Впрочем, нет: не прошло и пяти часов, как эхо ожило, раскатилось телефонным звонком в полусотни километров от места событий. В гостиной квартиры Матвея Шеремета.

На четвертом сигнале хозяин откликнулся:

— Слушаю, Шеремет.

— Матвей Петрович, это Сагайда, майор Сагайда, из Узеня. Вы меня помните?

Помнить-то Шеремет помнил, но бросил в трубку едва ли не резче, чем следовало бы ожидать от человека, ни свет ни заря выдернутого из постели:

— Чем обязан?

— Я должен предупредить: сегодня к нам приедет Вадим Осташко, он ведет дело…

— Знаю, — Шеремет резко прервал абонента, — а вот вам это знать ни к чему… Так это — Вадим? И что вам взбрело звонить мне?

— Я бы не стал. Но Вадима нет дома…

— Уже нет? — переспросил Матвей Петрович, разглядывая в полутьме циферблат настенных часов.

— Скорее, еще нет.

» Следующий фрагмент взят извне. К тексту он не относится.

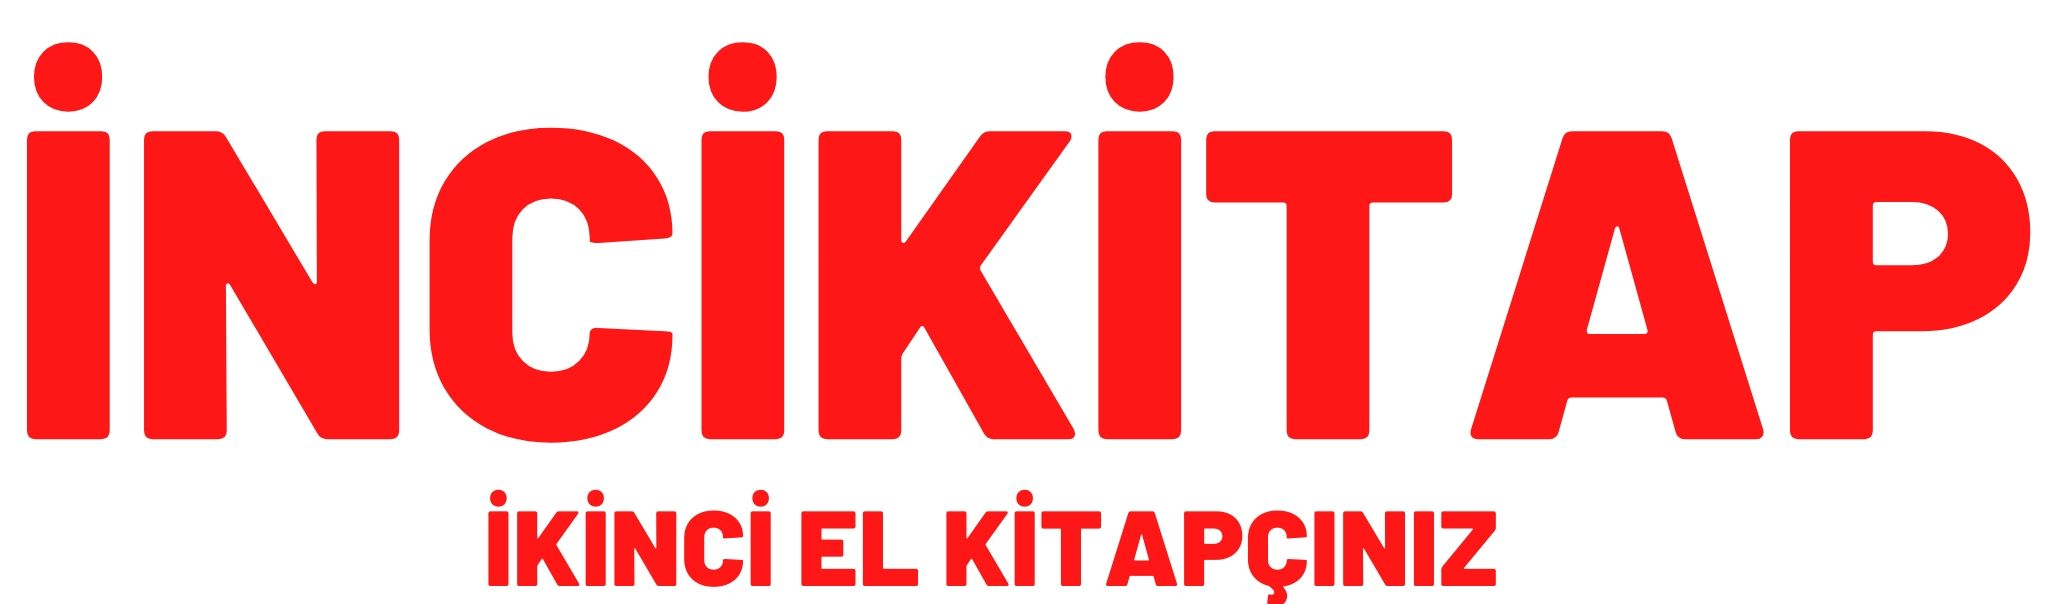 incikitap com

Но ведь он зайдет в прокуратуру перед отъездом?

— Надеюсь, — бросил Шеремет; придерживая трубку плечом, он откупорил «Боржоми» — а стакана поблизости не оказалось.

— Здесь ситуация: сегодня ночью убит его подследственный… С женой.

— В камере?

— Нет, на улице. Он был на подписке… Георгий Деркач…

— Помолчи-ка минутку, — приказал Матвей Петрович.

Сделал несколько глотков прямо из горлышка, потом прихлопнул жестяную крышку и распорядился:

— В половине десятого жди нас в Маловидном. У Явдохи.

— Принято, — похоже, что с облегчением отозвался майор.

Не дожидаясь отбоя, Матвей Петрович бросил трубку.

Черт знает что.

Шеремет совсем не любил неожиданностей. А ведь работа, собственно говоря, складывалась именно из них. Все остальное, чем занимался следственный отдел облпрокуратуры, было только оформлением, приведением в соответствие с законом и систематизацией последствий. Ну, еще немножко — профилактикой, предупреждением этих самых неожиданностей.

Пустые хлопоты.

А сюрпризы год от года раздражали все больше, какими бы они ни были.

Наверное, уже начал сказываться возраст. Ей-же-ей, все больше Матвею Петровичу хотелось устойчивости. По крайней мере, в чисто бытовом плане. Вставать — вовремя, а то и на пять минуток позже, и чтобы к завтраку ожидали, и свежая газета уже лежала на столе; а по вечерам — в полседьмого домой, и чтобы домашние тапочки, семейный ужин и нечто благопристойное по телевизору… Неужели до пенсии об этом не стоит и мечтать?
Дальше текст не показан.